Но для любви существует и нечто большее, чем безусловное принятие непохожести другого и признание его права на эту непохожесть; нечто большее даже, чем согласие помогать, поощрять, служить причинам такой непохожести. Любовь предполагает подписание пустого чека: полностью и искренне одобряя право другого на его индивидуальность, мы не знаем, в чем она может проявиться уже сейчас, не говоря уже о том, что последует далее. Эммануэль Левинас сравнивает Иное Эроса с будущим - по аналогии с невозможностью «схватить будущее каким бы то ни было способом», со свойством будущего «сваливаться на нас и крепко удерживать». «Я не определяю Иное через будущее, - объясняет Левинас, - но будущее - через Иное»; «полная противоположность Иного» столь завершенна и неукротима, что может служить эмпирической ссылкой, необходимой для зримого представления чуждости будущего или смерти... Любовь означает вступление в некие отношения с тайной и согласие с ее неразрешимостью. Любовь не предполагает «схватывания», «обладания», «познания» и не приводит к чему-либо подобному, не говоря уже об установлении господства или контроля над объектом любви. Любовь означает согласие с тайной другого, подобной тайне будущего: с чем-то таким, «что отсутствует в мире, где находится место всему»; с чем-то, что «не может быть там, где все существует» [6]. Ведь будущее всегда пребывает в каком-то ином месте; там же пребывает и Иное любви.
Можно заметить, что мы нигде не касались чувств и страстей, обычно ассоциируемых с «состоянием любви» или «влюбленностью». Если «у любви есть свой разум», как настаивал Паскаль, или свои законы, логика и математика, как предполагал Шелер, если она вообще поддается описанию на языке, подходящем для межличностного общения, то только как особый тип взаимного выбора субъекта и Другого, как особый тип присутствия Другого, равно как и тип формирования самого Субъекта.

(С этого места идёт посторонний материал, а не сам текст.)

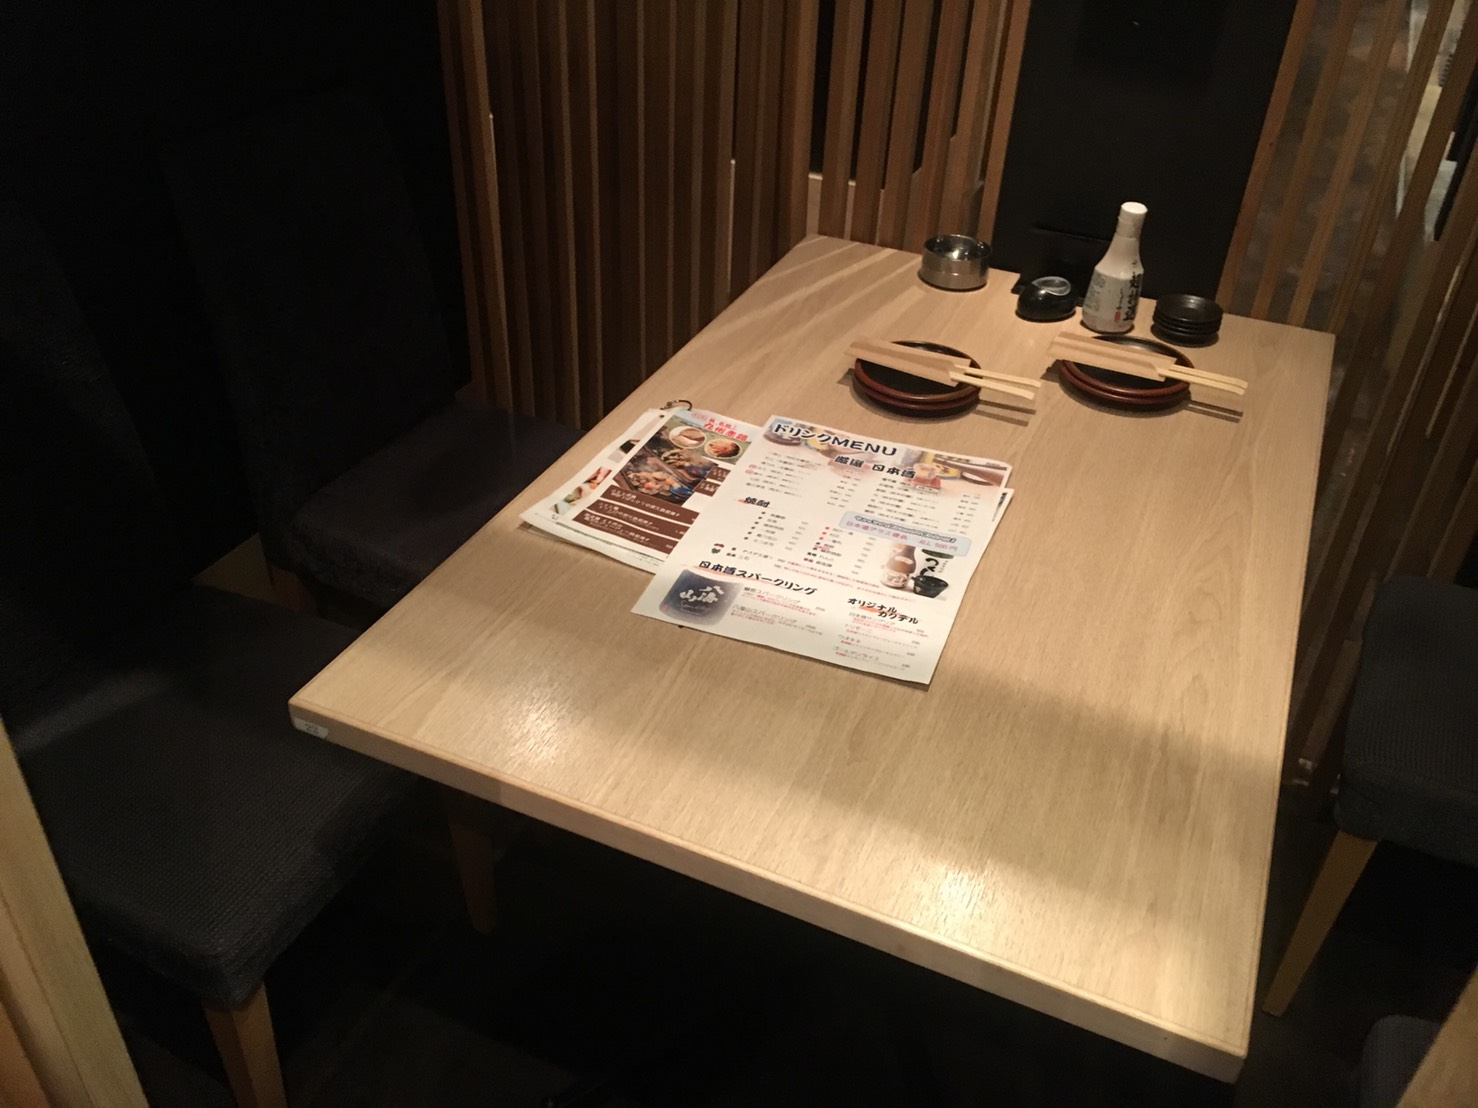 【池袋駅】落ち着いた少人数個室が使いやすい!九州料理もクオリティ高めの「TORI魚 池袋本店」の個室2

Согласившись с этим, мы можем представить себе любовь как стержень нравственной личности и моральных отношений. В то время как рассудок боится выйти за рамки онтологического, любовь устремляется в область этического. Этика, можно сказать, создана по образу и подобию любви. Все, что говорилось выше о любви, в равной мере относится и к этике.
В большей мере чем человек является существом думающим (ens cogitans) и повелевающим (ens volens), он представляет собой существо любящее (ens amans), говорит Шелер и добавляет, что иначе и не может быть, так как люди сначала схватывают мир в сети, сплетенные из любви и ненависти, и лишь затем подчиняют его, как сказал бы Шопенгауэр, своей воле и представлению. Уберите любовь и ненависть - и не будет никакой сети, а следовательно - и никакого улова. Левинас, соглашаясь с утверждавшимся Шелером приоритетом этики, не считал, однако, очевидным решающий его аргумент.
Насколько я понимаю, известный постулат Левинаса, [согласно которому] «этика предшествует онтологии», в отличие от утверждения Шелера не претендует на эмпирикоонтологический статус. Он, скорее, содержит два предположения -одно феноменологическое, другое этическое. Во-первых, чтобы понять значение этического, необходимо на время отказаться от всех прежних знаний об онтологическом по причине их иррелевантности. Во-вторых, не этика должна оправдываться с точки зрения бытия, а наоборот, бремя доказывания (onus probandi) лежит на сущем, именно оно должно продемонстрировать свое согласие с моралью. Другими словами, нельзя вывести «должное» из «существующего», но по этому поводу не следует беспокоиться, так как «существующему» надлежит озаботиться своими отношениями с «должным».